* **Your goal**: Scan the entries and copy each line where the word "faceted" is present.

* **Record set**:
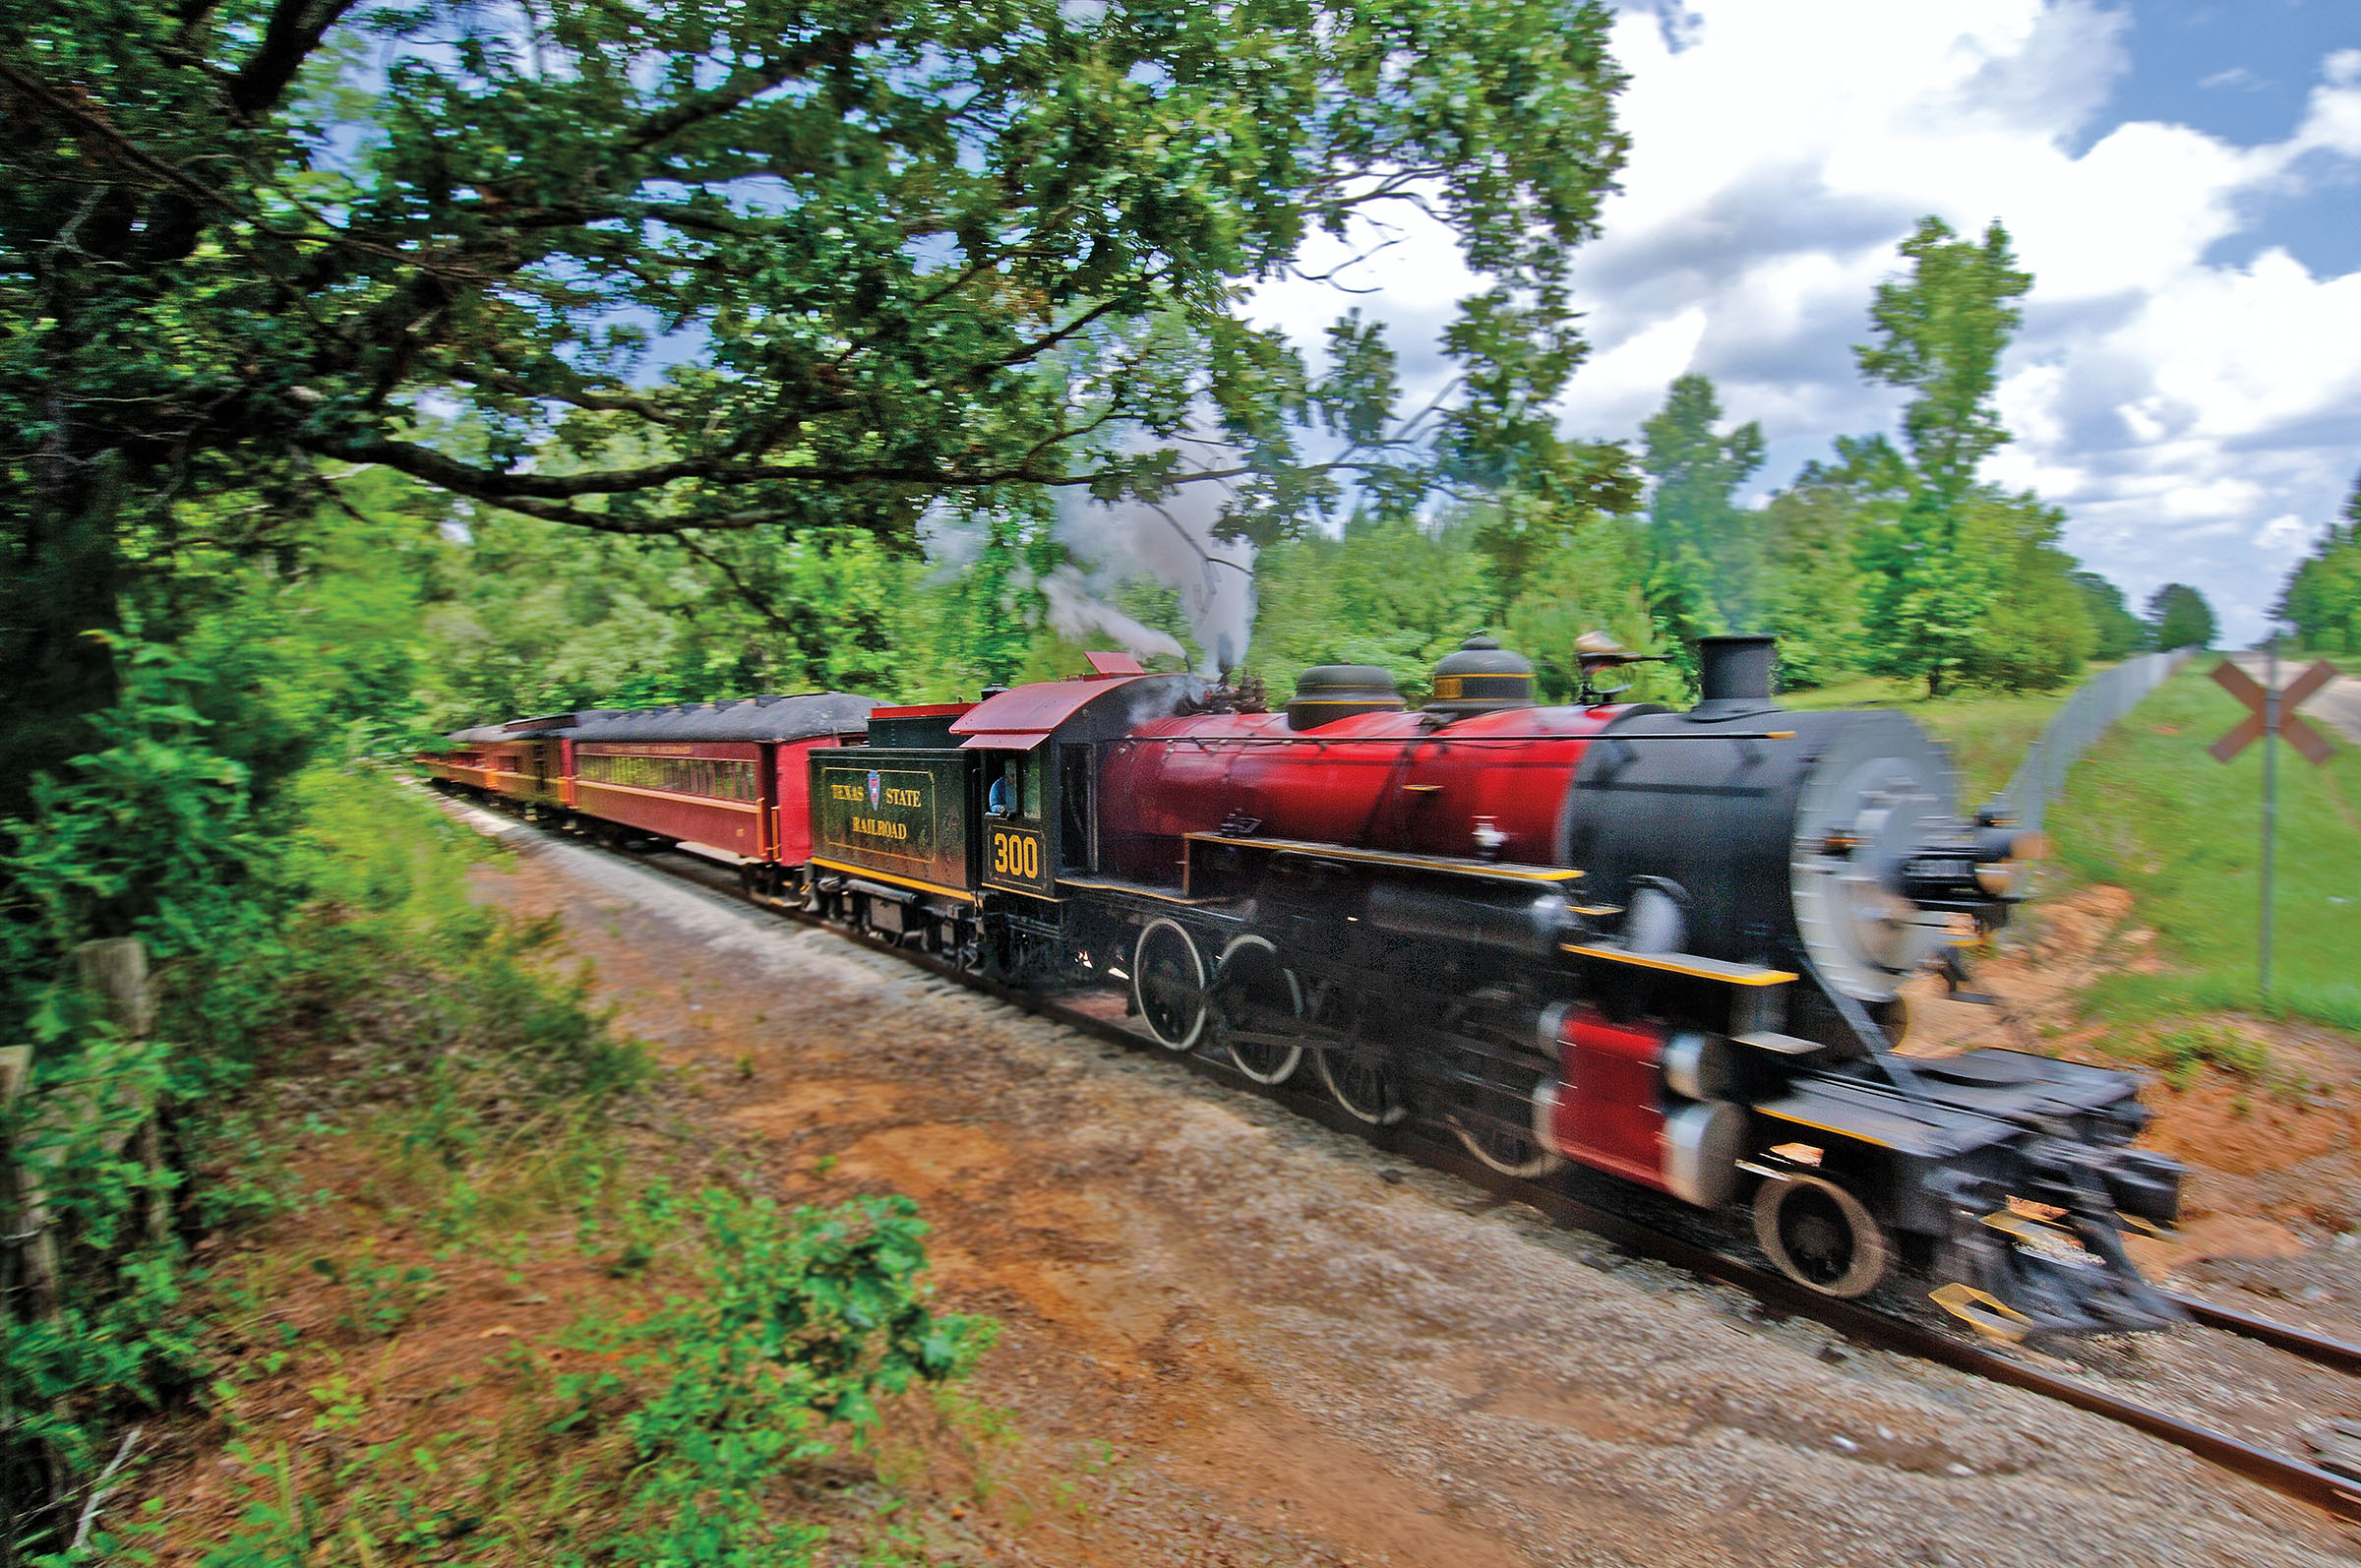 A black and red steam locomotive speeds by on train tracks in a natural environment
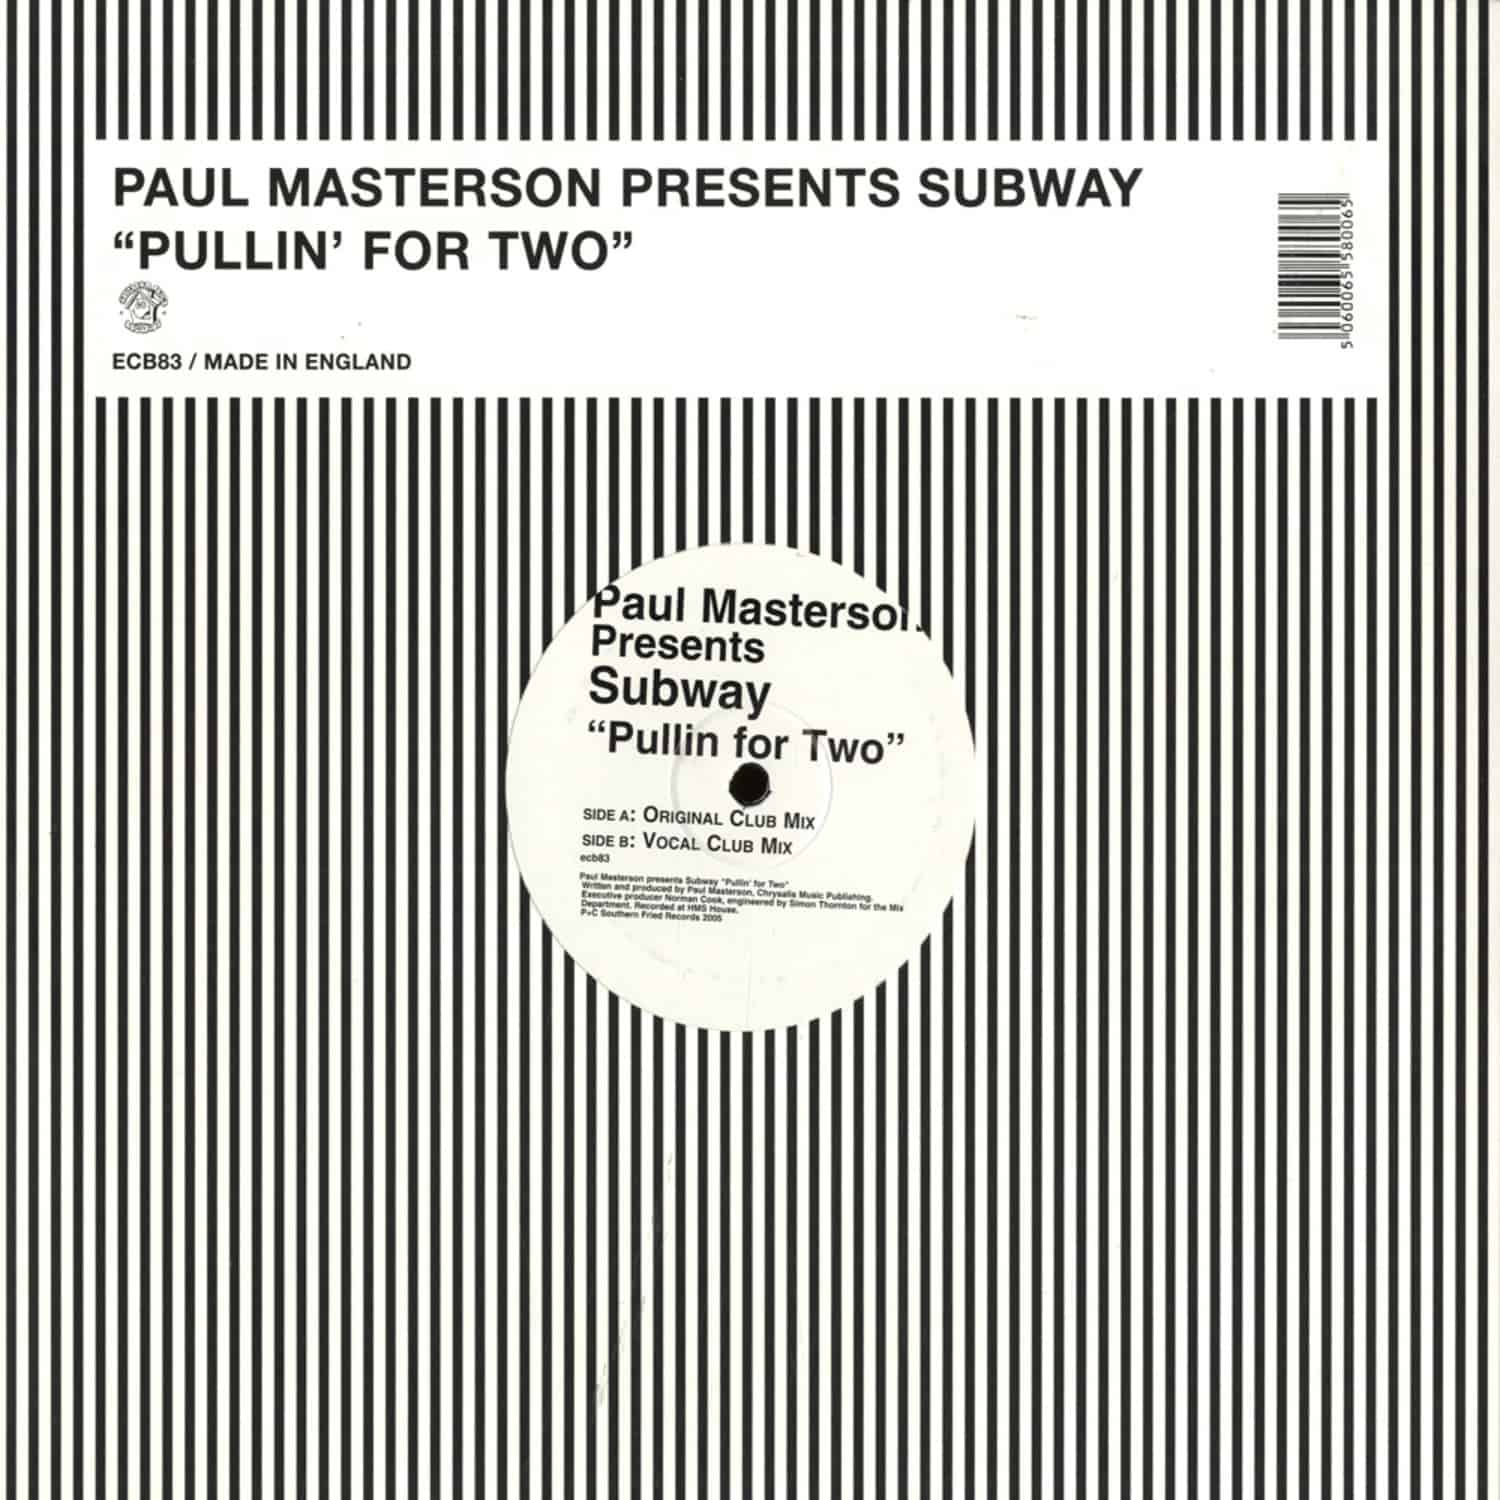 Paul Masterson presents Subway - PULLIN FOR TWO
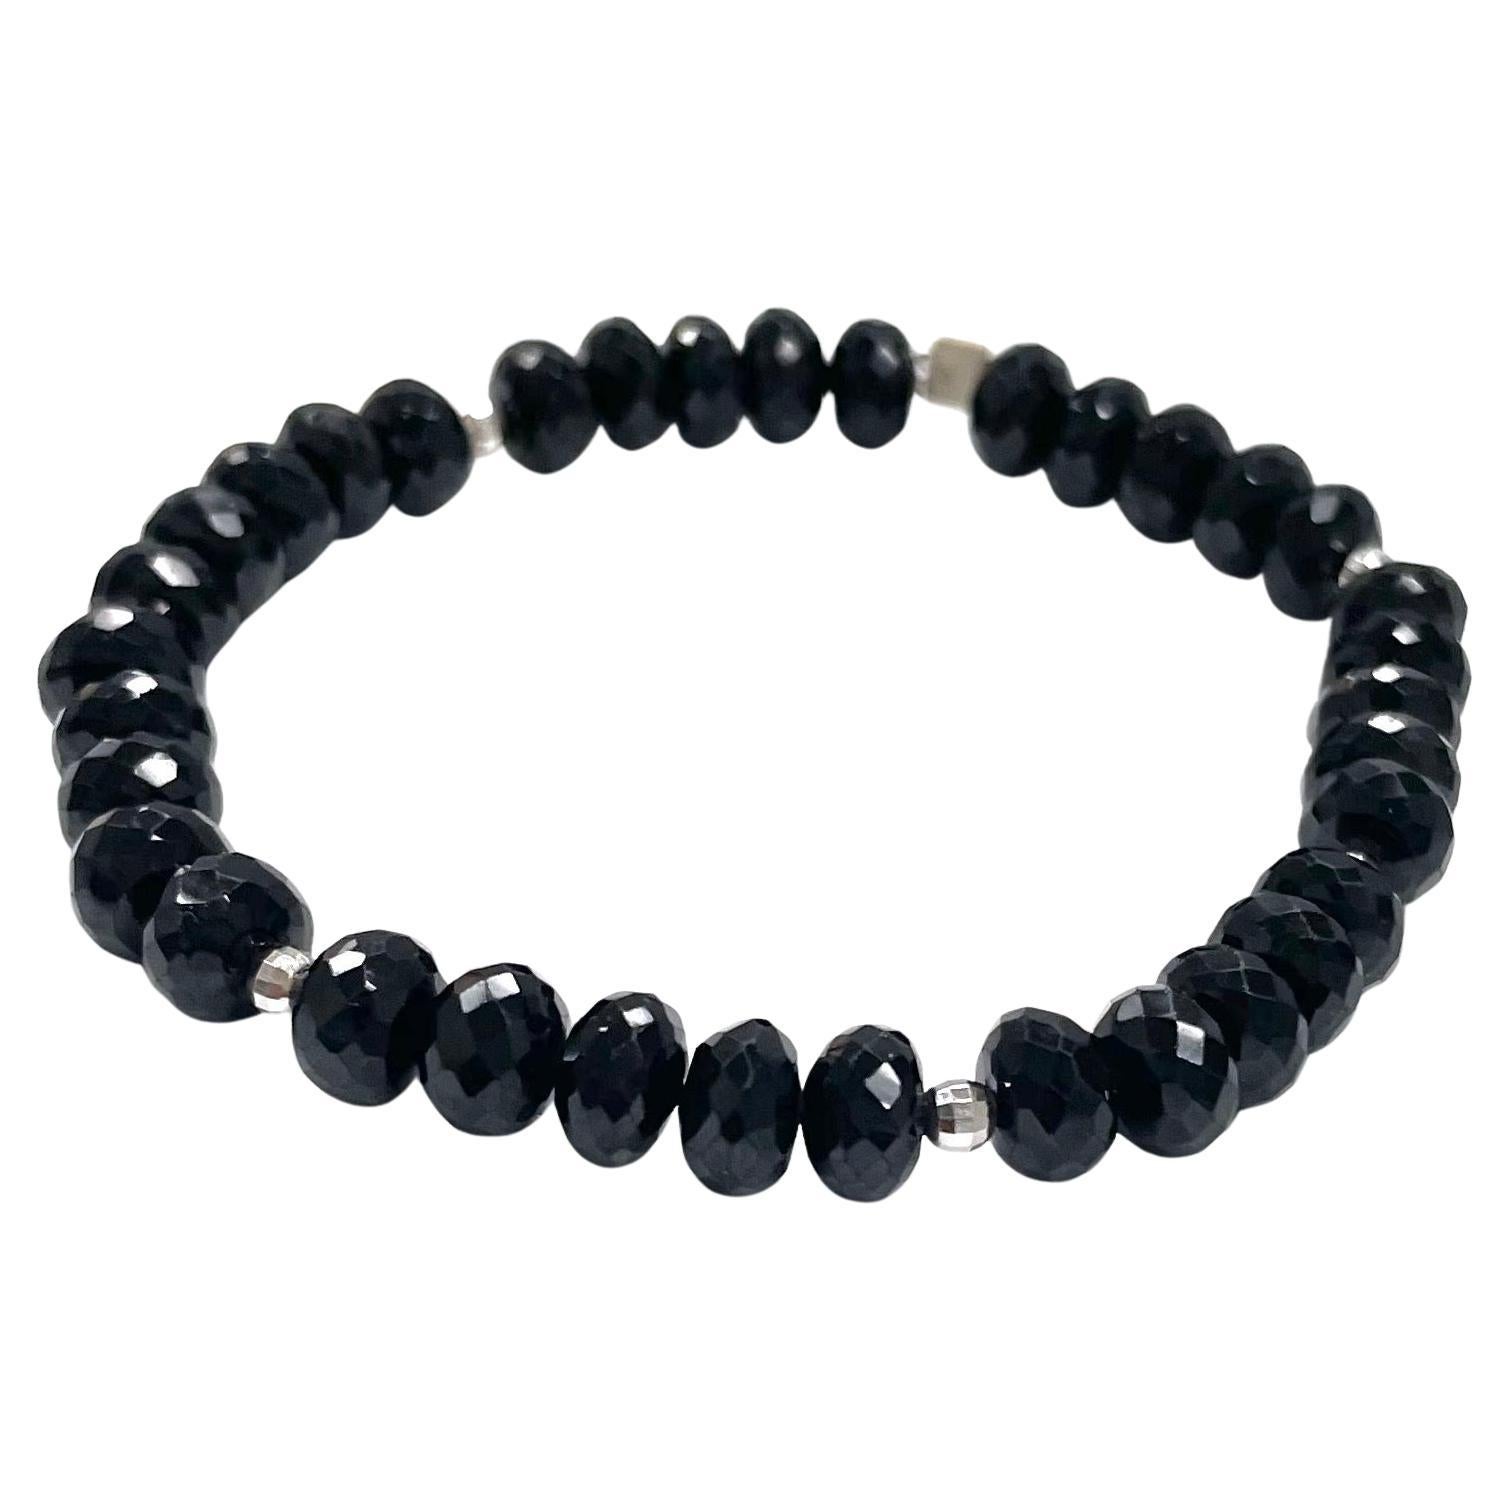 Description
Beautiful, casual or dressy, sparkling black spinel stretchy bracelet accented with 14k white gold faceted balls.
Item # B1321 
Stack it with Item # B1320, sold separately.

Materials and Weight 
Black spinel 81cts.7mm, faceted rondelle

* **Result of this task**:
Beautiful, casual or dressy, sparkling black spinel stretchy bracelet accented with 14k white gold faceted balls.
Black spinel 81cts.7mm, faceted rondelle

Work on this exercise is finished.